Sky is a living body, a lung that spews life. In China it is chi, a life force, or tianqi, “heaven’s breath.” In Greenland, it is sila, nature and consciousness. For the Navajo Nation, sky is Nitth’i, a benevolent spirit. The Crow, who live on the grasslands of Montana and Wyoming, call sky huche, meaning “wind that blows steadily at the foot of the mountain.” In Egypt, the dying summoned the god of air and said, “I have gone up to Shu; I have climbed the sunbeams.”

Thirty years ago, I visited a paper-making village in Japan. On a clear April day, a sheet of washi hung outside on a line. It was sky blue, a rectangle of sky, and behind it hung another sheet of blue: sky after sky after sky.

In northwestern Greenland, where I spent 23 springs, lockdown meant traveling by dogsled on sea ice that looked like sky.

From left: 8 a.m. in Ecuador (Fabiola Cedillo); 9 a.m. in Massachusetts, U.S. (Kathya Landeros); 3 p.m. in Belgium (Maroeskja Lavigne)

Sky is nothing and everything: a blank that holds solar systems, locust swarms, heaven’s gates, kingfishers, and cosmos. It’s where the Big Bang flapped everything into being. Recently, 19 new interstellar asteroids were found orbiting the sun, and astronomers have uncovered the beauty of the asymmetrical universe, where the battle between matter and antimatter was waged. Matter and cosmic imperfection won out; otherwise, we wouldn’t exist. “Imperfection is our paradise,” a Buddhist teacher said.

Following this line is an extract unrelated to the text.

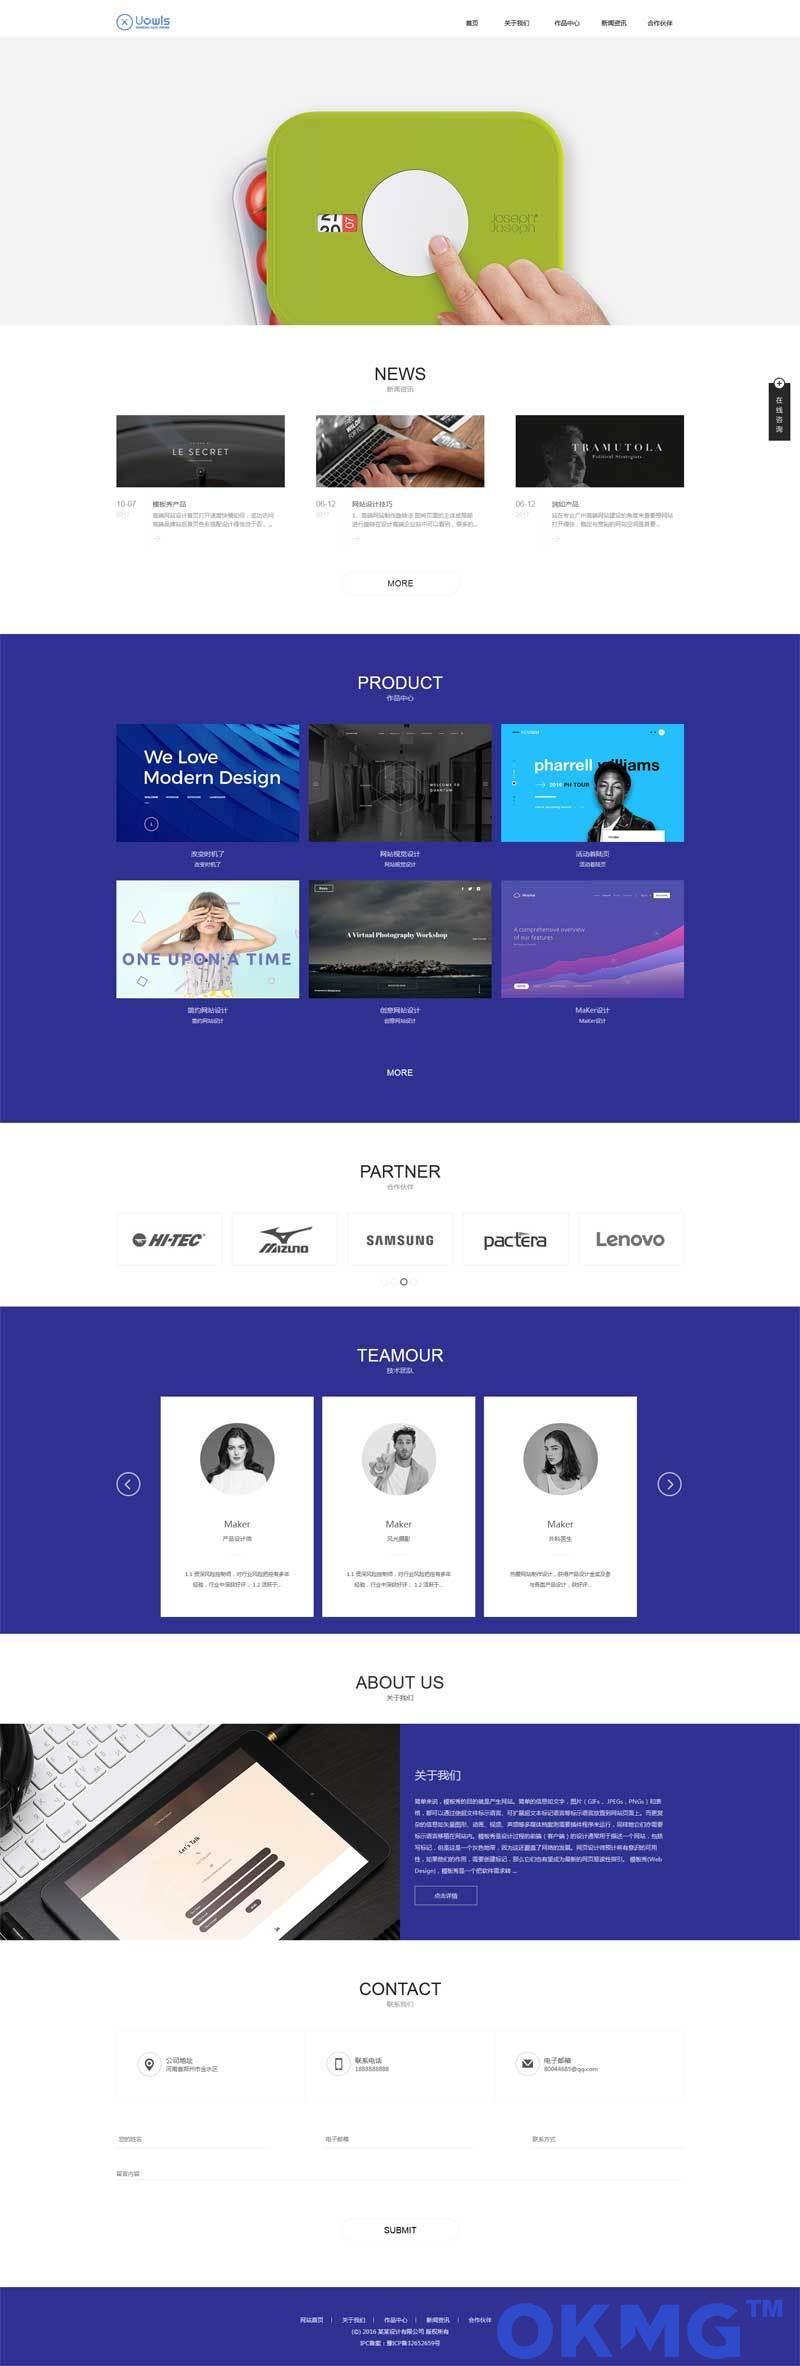 平面视觉设计公司网站织梦源码

Sky is where the blue shawl of imagination goes astray.

Clockwise from top left: 9 p.m. in Taiwan (An Rong Xu); 5:30 p.m. in Iran (Hashem Shakeri); 6 a.m. in Oregon, U.S. (Delaney Allen); 9 p.m. in China (Zhang Kechun); 4 p.m. in Russia (Denis Sinyakov)

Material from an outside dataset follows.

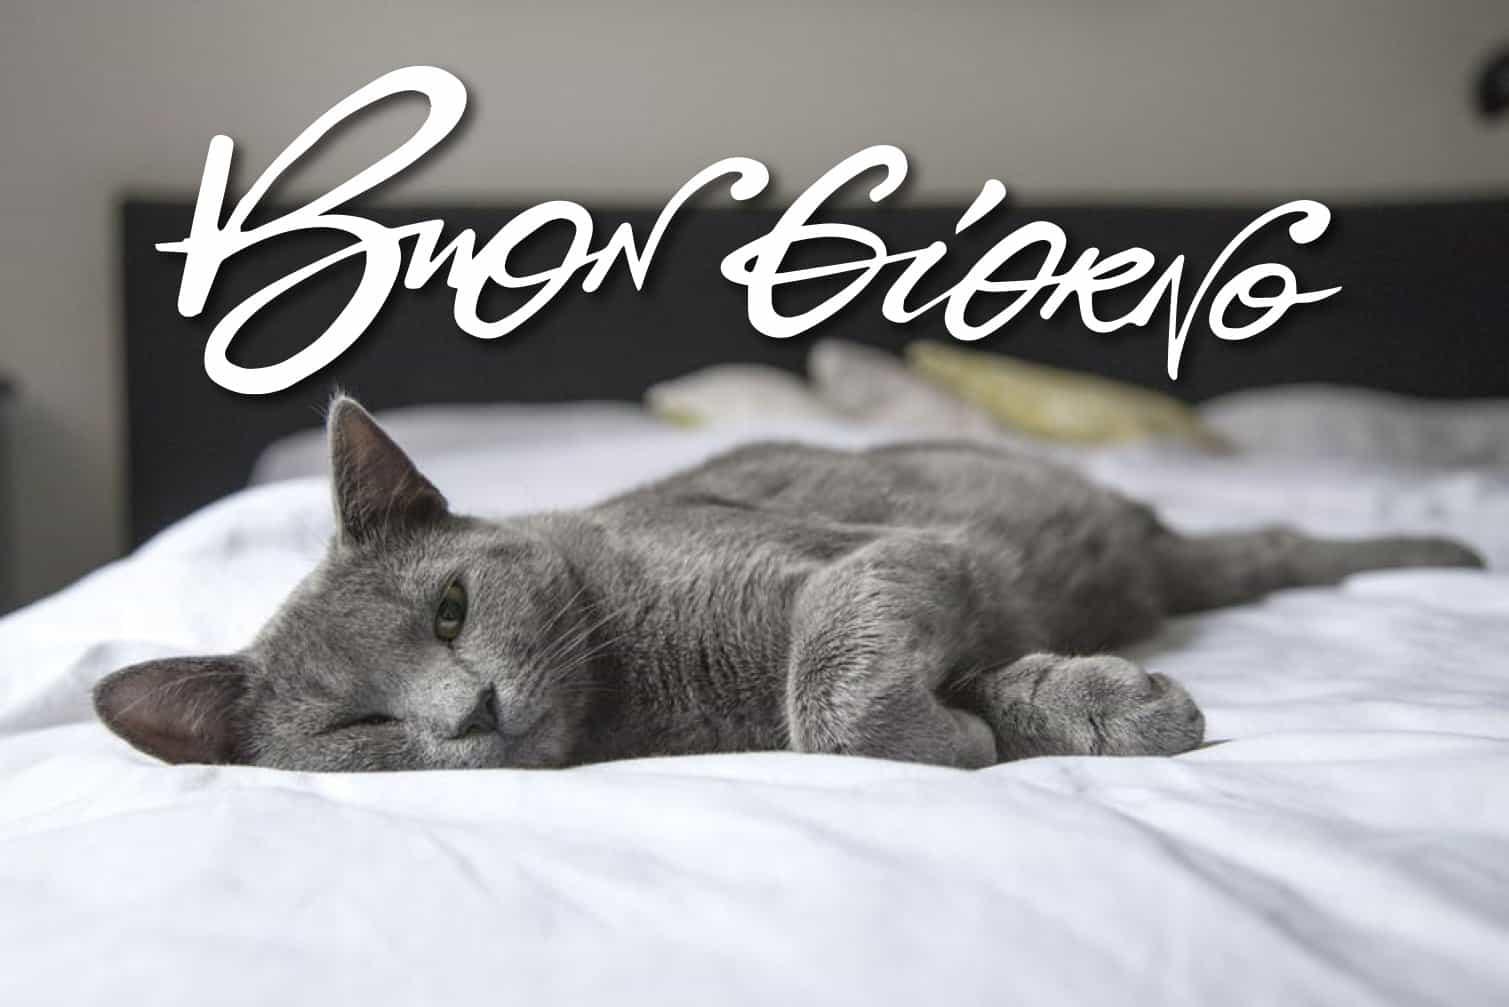 Buon giorno con gatto bianco e nero

On long days in Wyoming when I tended sheep, the herders and I lay in the grass and watched clouds become whales, galloping horses, running dogs, and our favorite—large penises. We also watched those cloud-bodies dissolve almost as soon as they came into being, so that tacitly we came to understand the nature of impermanence.

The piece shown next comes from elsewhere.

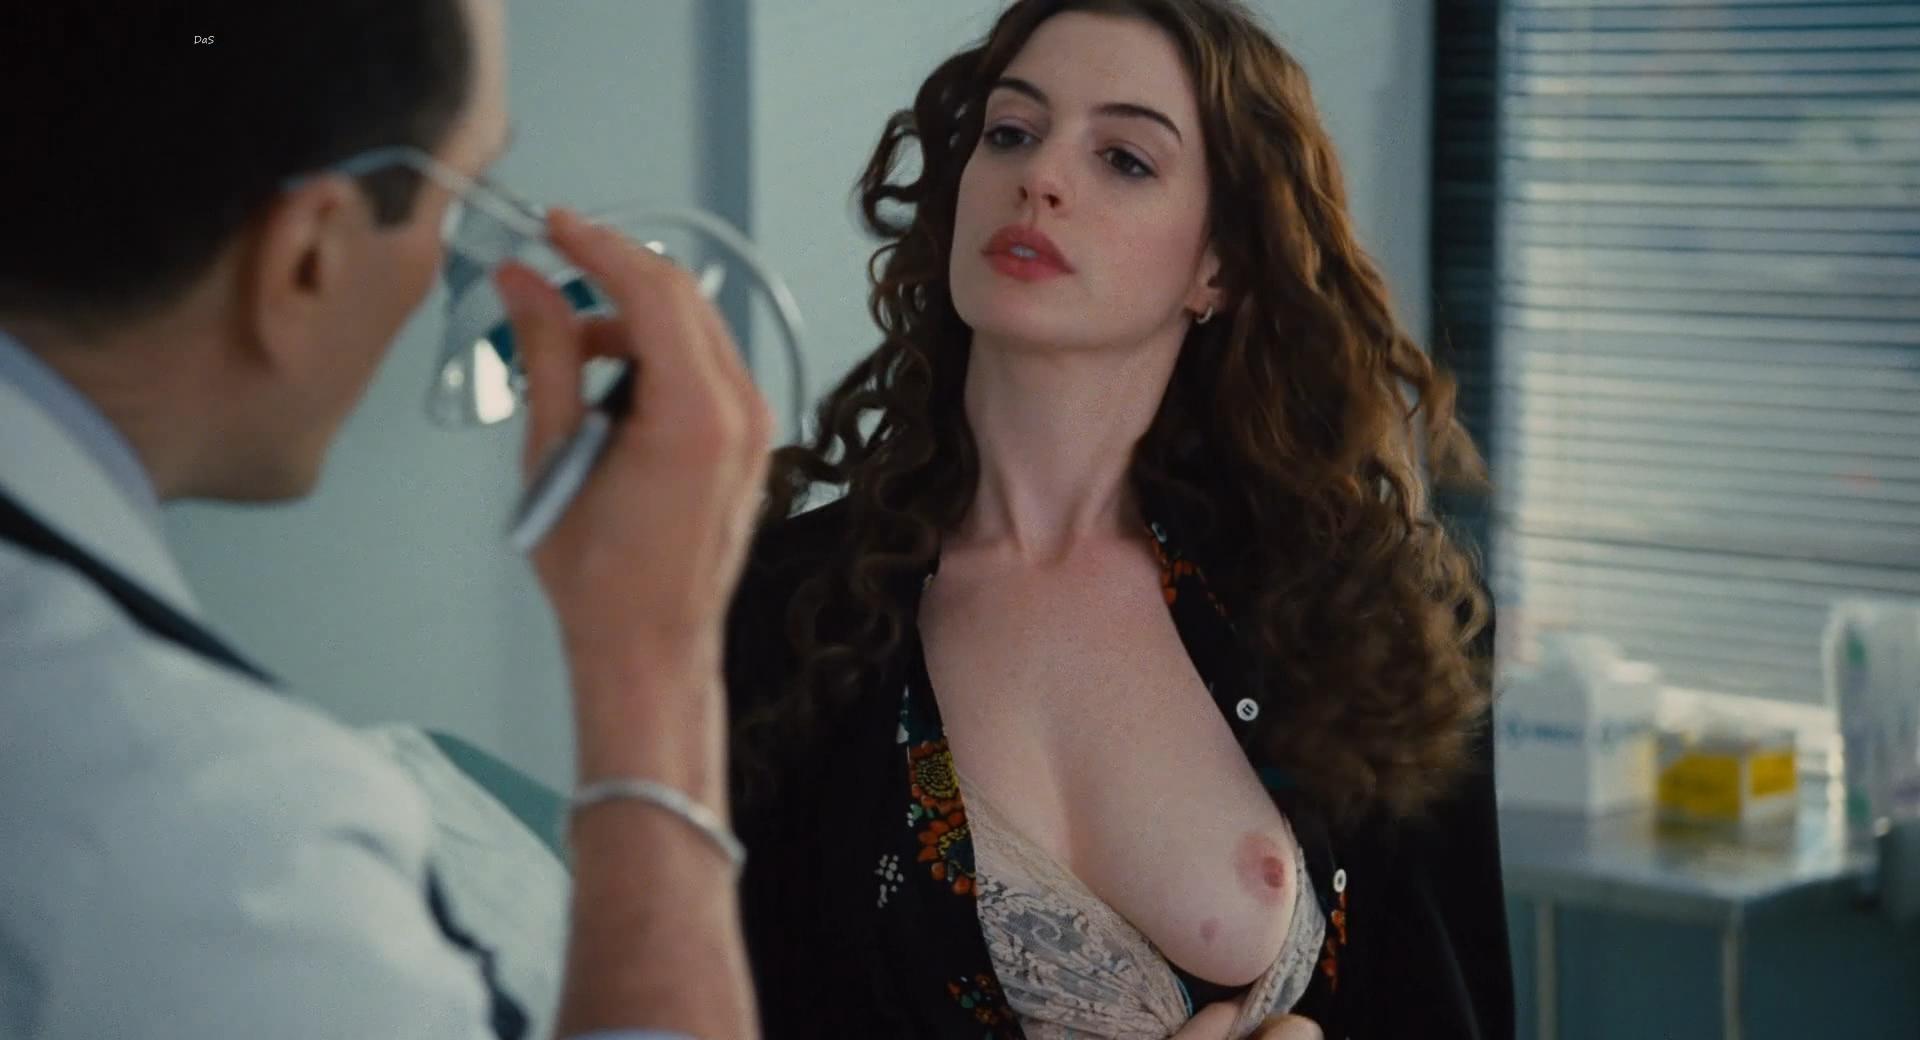 Anne Hathaway Porno anne hathaway xxx - xxxpicss

I don’t know why we locate heaven in the sky. With the number of pandemic dead mounting up, the sky must be getting heavy. I was in Japan after the 2011 tsunami, where the ghosts of the villages that had been washed away were thought to be behind us, clinging to our backs, hitching a ride. My heaven is alpine: krummholz giving way to granite, and the sky uncurling from fast-moving clouds.

At night I search the sky and use it as a clock. How far has the Big Dipper’s bucket turned? Is it filling or emptying, and with what? The stars of the Dipper’s handle are thought by traditional Chinese lore to confer good luck. Constellations whirl like large hands throwing good-luck rice. I sleep in “star rooms” with windows low around the bed, and from under the covers watch meteor showers zip gold lines across the sky and the International Space Station slide.

From left: 3 p.m. in France (Lucile Boiron); 3 a.m. in Hawaii, U.S. (Phil Jung)

In 1986, I accompanied an infrared astronomer to the NASA observatory on Mauna Kea for a few days. That was when Halley’s Comet was making an appearance in the inner parts of our solar system. Halley looked like a slow-motion bullet train’s headlight pushing through the night. One evening at 13,803 feet with a foot of Hawaiian snow on the ground, the astronomers discovered dark matter. Teletypes pushed out waves of white paper: “What is it?” an astronomer in Australia asked. More queries came in from Chile and Scotland. I went outside and looked up. “What are we seeing?” I asked. “Nothing,” the astronomer replied, laughing. Dark matter can’t be seen at all and is known to exist only by its effect on objects. Quantum theorists now say that dark matter’s particles continually form and disappear, like the clouds the sheepherders and I watched. Others call its happenings “quintessence.” Theories aside, more is known about what dark matter is not than what it is.

Perhaps that’s the best way to think about the sky and the ways it binds and releases us. Looking up, we can all see the same things: the pink moon, sunrise’s glory, starlight, and the lovely, lonely curve of air. Our peripheral vision shapes what we think we are seeing. From my lookout on a moving dogsled, I’ve seen how the horizon’s silver stripe divides ice from air, mist from ocean, space from Earth, and dark from light as the blue tent floats down and softly covers us all.